Mental health and psychosocial problems in the aftermath of the Nepal earthquakes: findings from a representative cluster sample survey

Type Journal Article - Epidemiology and psychiatric sciences
Title Mental health and psychosocial problems in the aftermath of the Nepal earthquakes: findings from a representative cluster sample survey
Author(s)
Publication (Day/Month/Year) 2017
Page numbers 1-10
URL https://www.ncbi.nlm.nih.gov/pubmed/28065208
Abstract
Two large earthquakes in 2015 caused widespread destruction in Nepal. This study aimed to examine frequency
of common mental health and psychosocial problems and their correlates following the earthquakes.

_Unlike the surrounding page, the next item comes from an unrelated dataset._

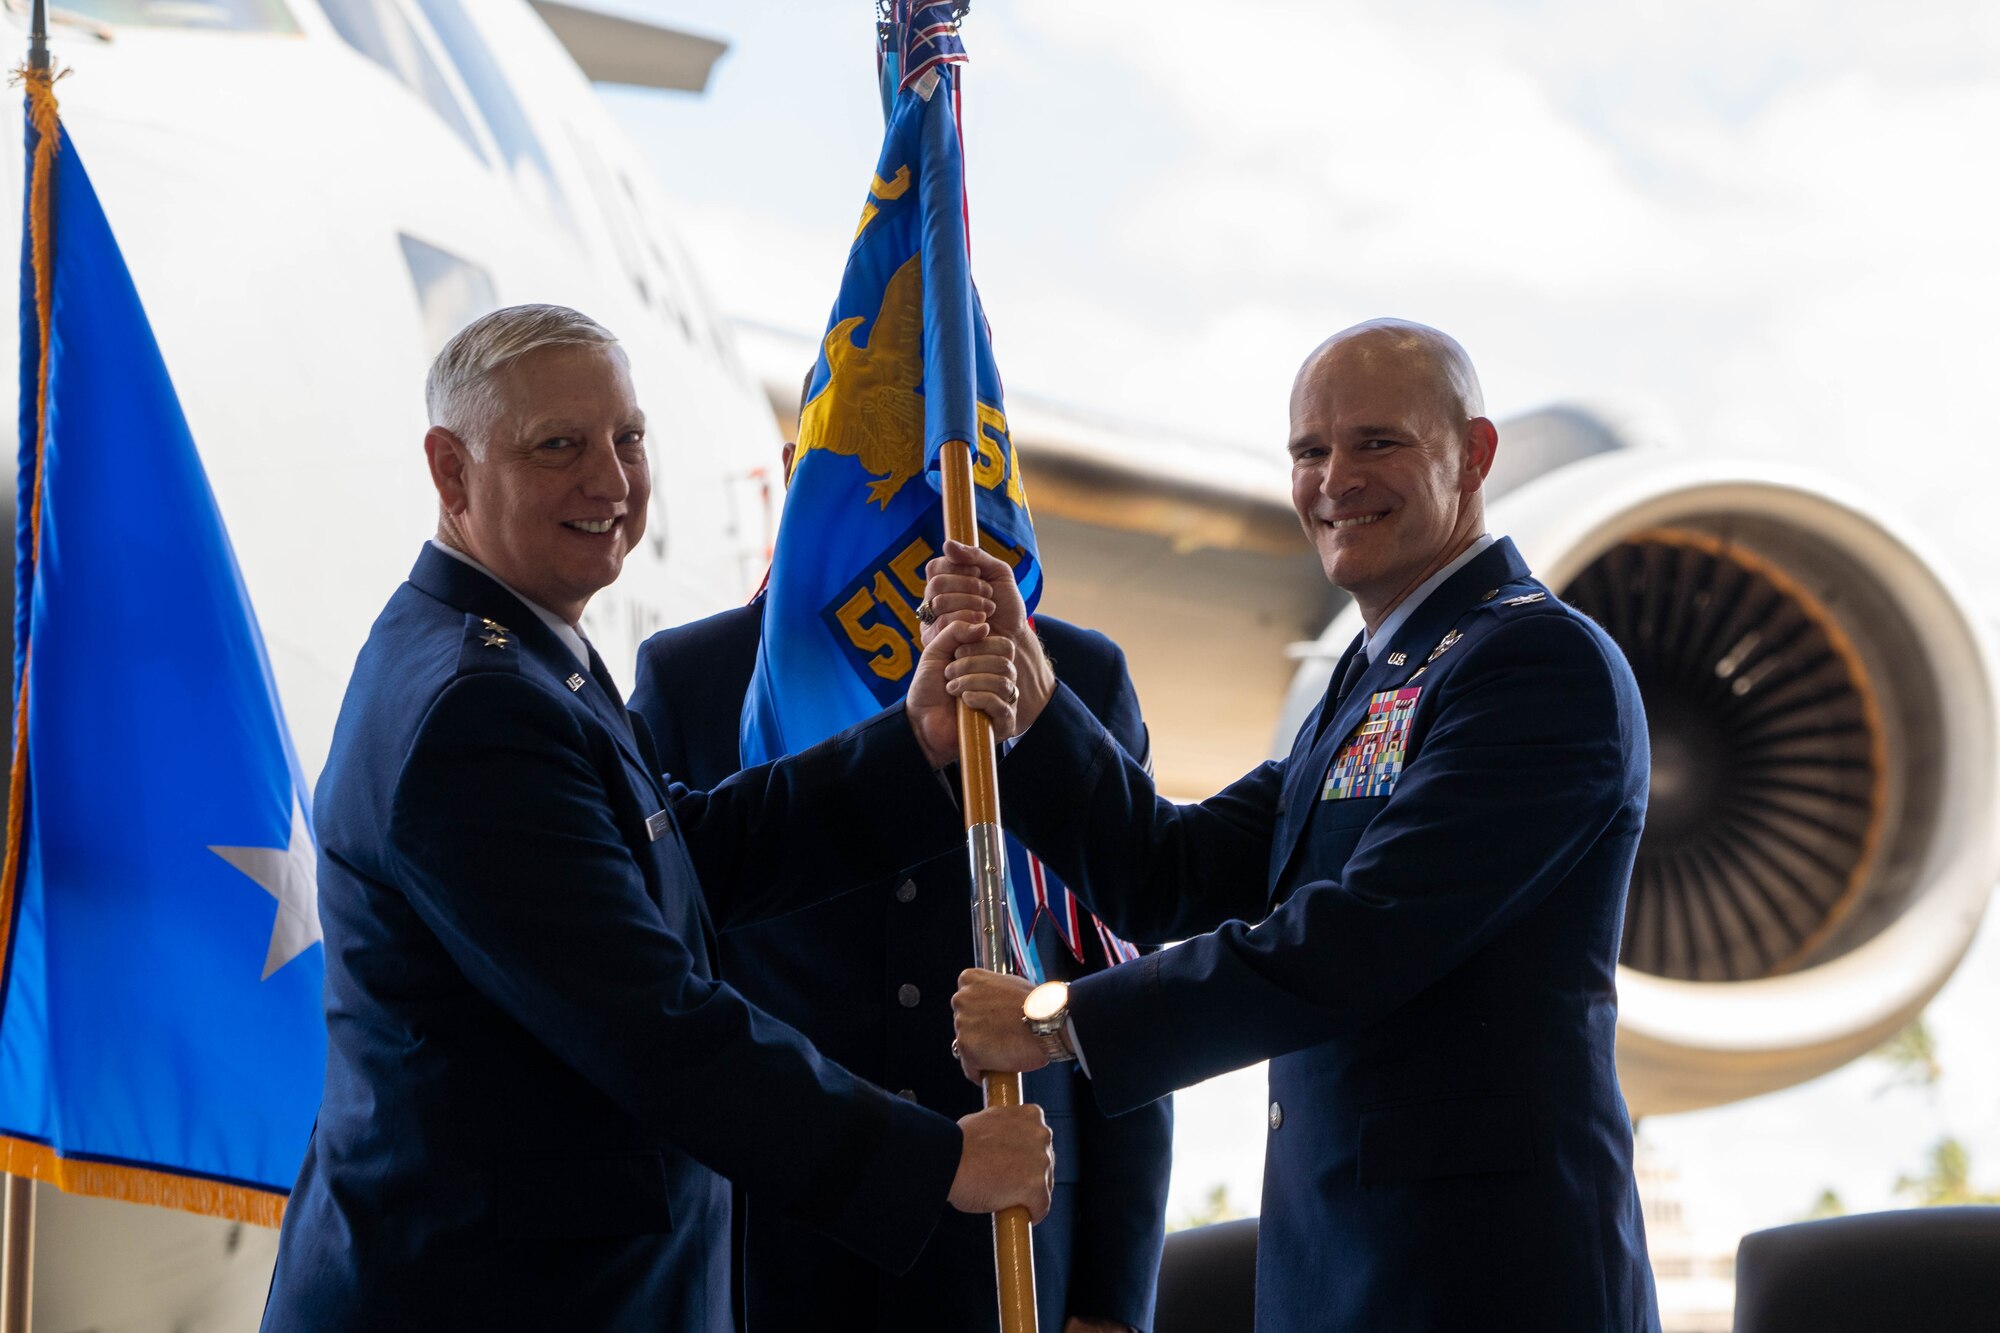 U.S. Air Force Maj. Gen. Mark D. Camerer, left, U.S. Air Force Expeditionary Center commander, passes the guidon to Col. Kyle A. Benwitz, 515th Air Mobility Operations Wing commander, as a symbol of Benwitz assuming command during the wing's June 28, 2022 change of command ceremony.

Methods. A stratified multi-stage cluster sampling design was employed to randomly select 513 participants (aged 16
and above) from three earthquake-affected districts in Nepal: Kathmandu, Gorkha and Sindhupalchowk, 4 months after
the second earthquake. Outcomes were selected based on qualitative preparatory research and included symptoms of
depression and anxiety (Hopkins Symptom Checklist-25); post-traumatic stress disorder (PTSD Checklist-Civilian); hazardous
alcohol use (AUDIT-C); symptoms indicating severe psychological distress (WHO-UNHCR Assessment
Schedule of Serious Symptoms in Humanitarian Settings (WASSS)); suicidal ideation (Composite International
Diagnostic Interview); perceived needs (Humanitarian Emergency Settings Perceived Needs Scale (HESPER)); and functional
impairment (locally developed scale).
Results. A substantial percentage of participants scored above validated cut-off scores for depression (34.3%, 95% CI
28.4–40.4) and anxiety (33.8%, 95% CI 27.6–40.6). Hazardous alcohol use was reported by 20.4% (95% CI 17.1–24.3) and
10.9% (95% CI 8.8–13.5) reported suicidal ideation. Forty-two percent reported that ‘distress’ was a serious problem in
their community. Anger that was out of control (symptom from the WASSS) was reported by 33.7% (95% CI 29.5–38.2).
Fewer people had elevated rates of PTSD symptoms above a validated cut-off score (5.2%, 95% CI 3.9–6.8), and levels of
functional impairment were also relatively low. Correlates of elevated symptom scores were female gender, lower caste
and greater number of perceived needs. Residing in Gorkha and Sindhupalchowk districts and lower caste were also
associated with greater perceived needs. Higher levels of impaired functioning were associated with greater odds of
depression and anxiety symptoms; impaired functioning was less strongly associated with PTSD symptoms.